From the rags of these, or from weed and the shavings of wood, he made paper on which books and newspapers were printed.

Lead was formed by him into printer's type, for the communication of knowledge without end.
But the most extraordinary changes of all were made in a heavy stone containing metal, dug out of the ground.

With this, when smelted by wood or coal, and manipulated by experienced skill, iron was produced.
From this extraordinary metal, the soul of every manufacture, and the mainspring perhaps of civilised society--arms, hammers, and axes were made; then knives, scissors, and needles; then machinery to hold and control the prodigious force of steam; and eventually railroads and locomotives, ironclads propelled by the screw, and iron and steel bridges miles in length.
The silk manufacture, though originating in the secretion of a tiny caterpillar, is perhaps equally extraordinary.
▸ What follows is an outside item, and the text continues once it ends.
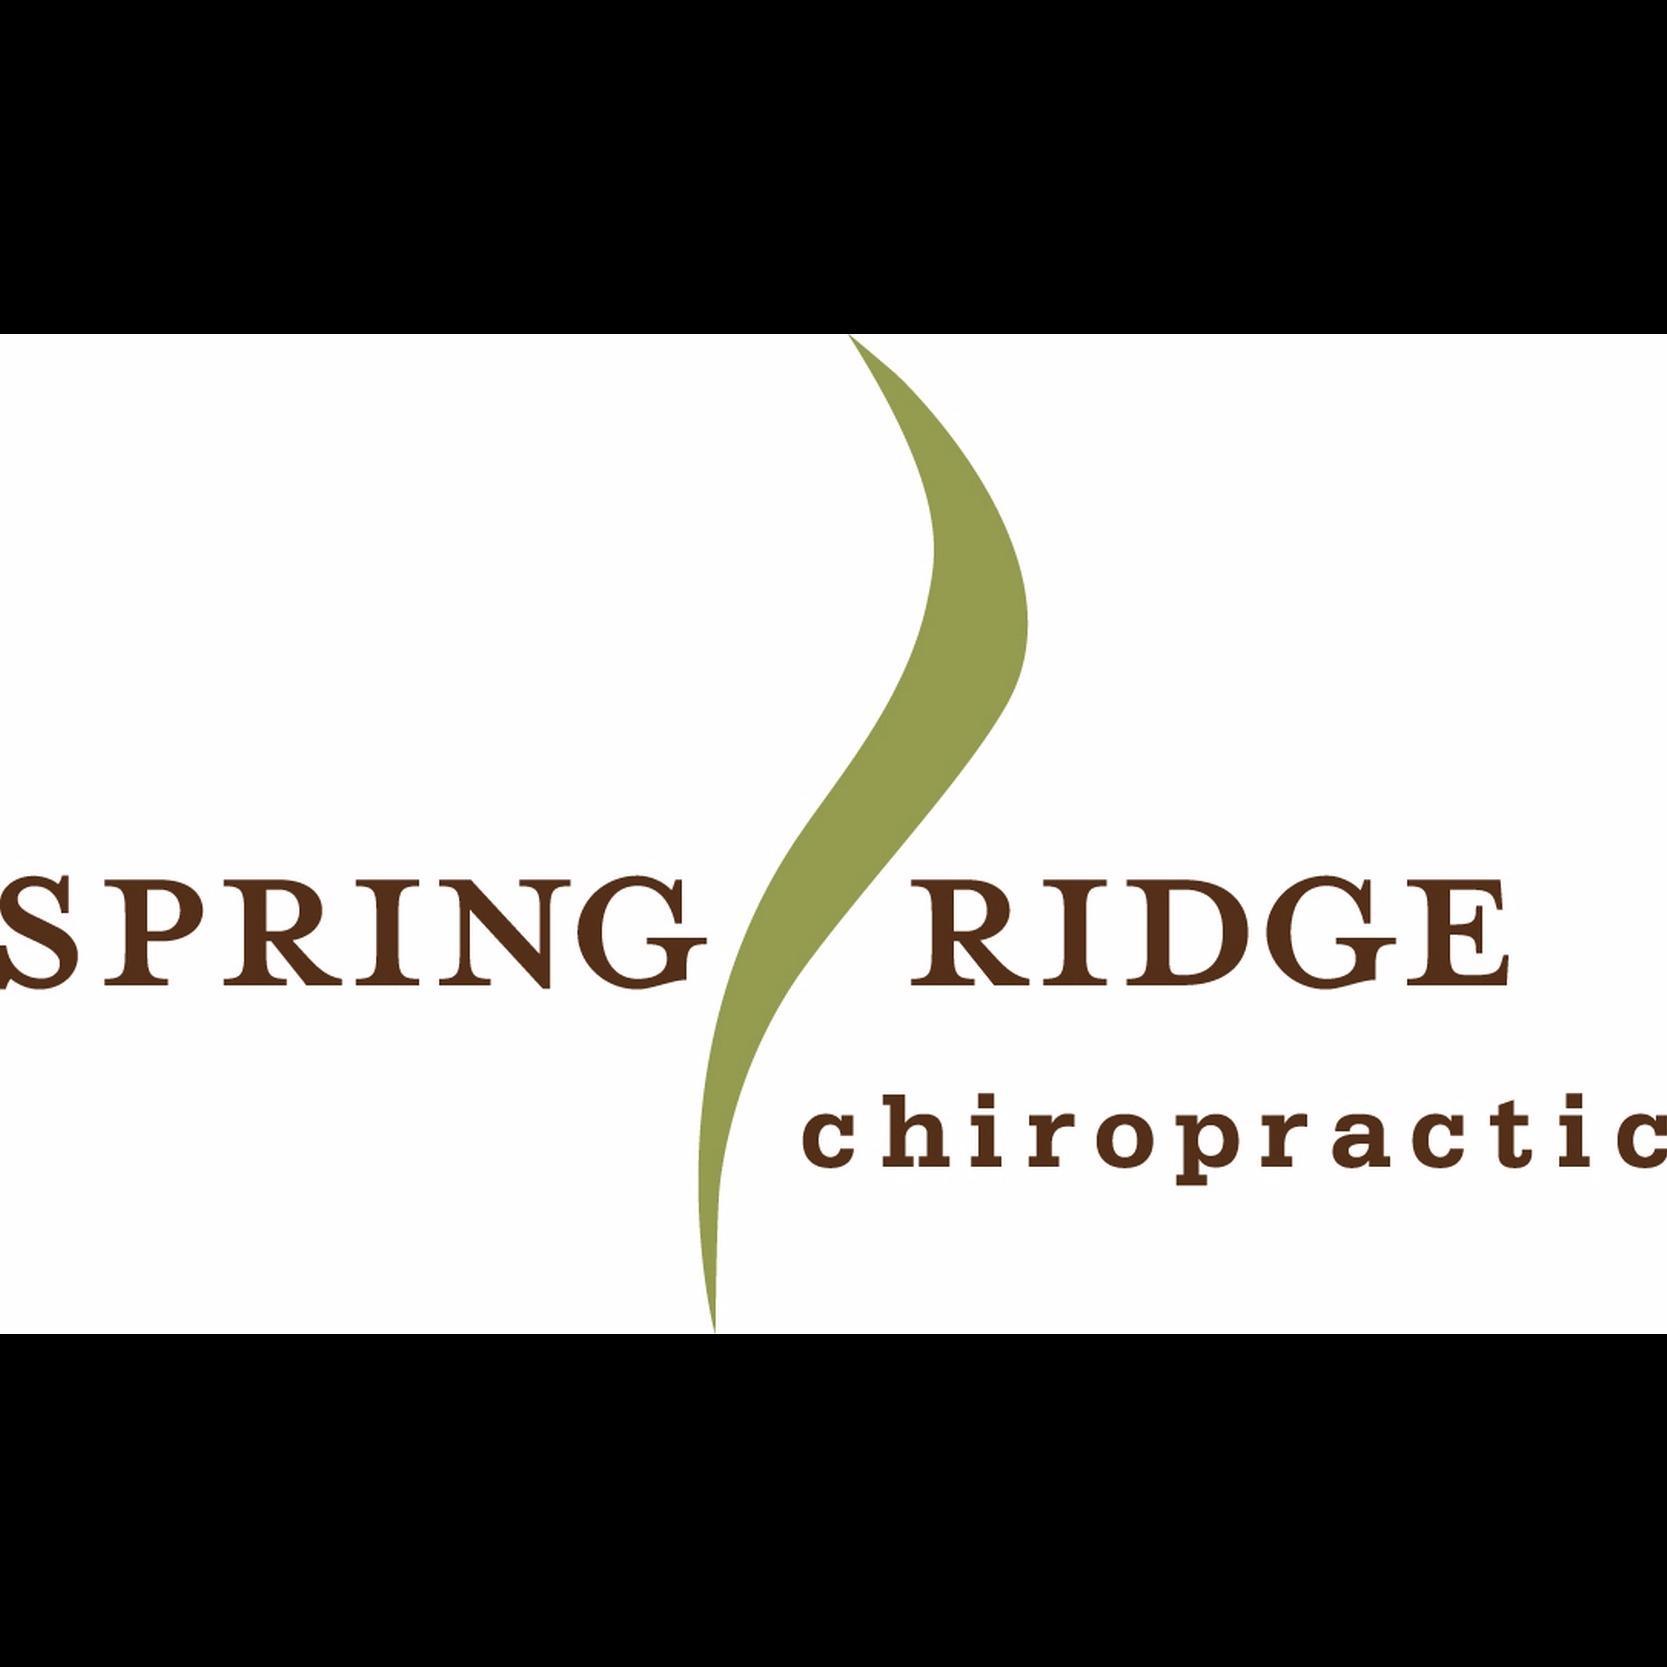 Spring Ridge Chiropractic - Frederick, MD - Chiropractors

Hundreds of thousands of pounds weight of this slender thread, no thicker than the filaments spun by a spider, give employment to millions of workers throughout the world.

Silk, and the many textures wrought from this beautiful material, had long been known in the East; but the period cannot be fixed when man first divested the chrysalis of its dwelling, and discovered that the little yellow ball which adhered to the leaf of the mulberry tree, could be evolved into a slender filament, from which tissues of endless variety and beauty could be made.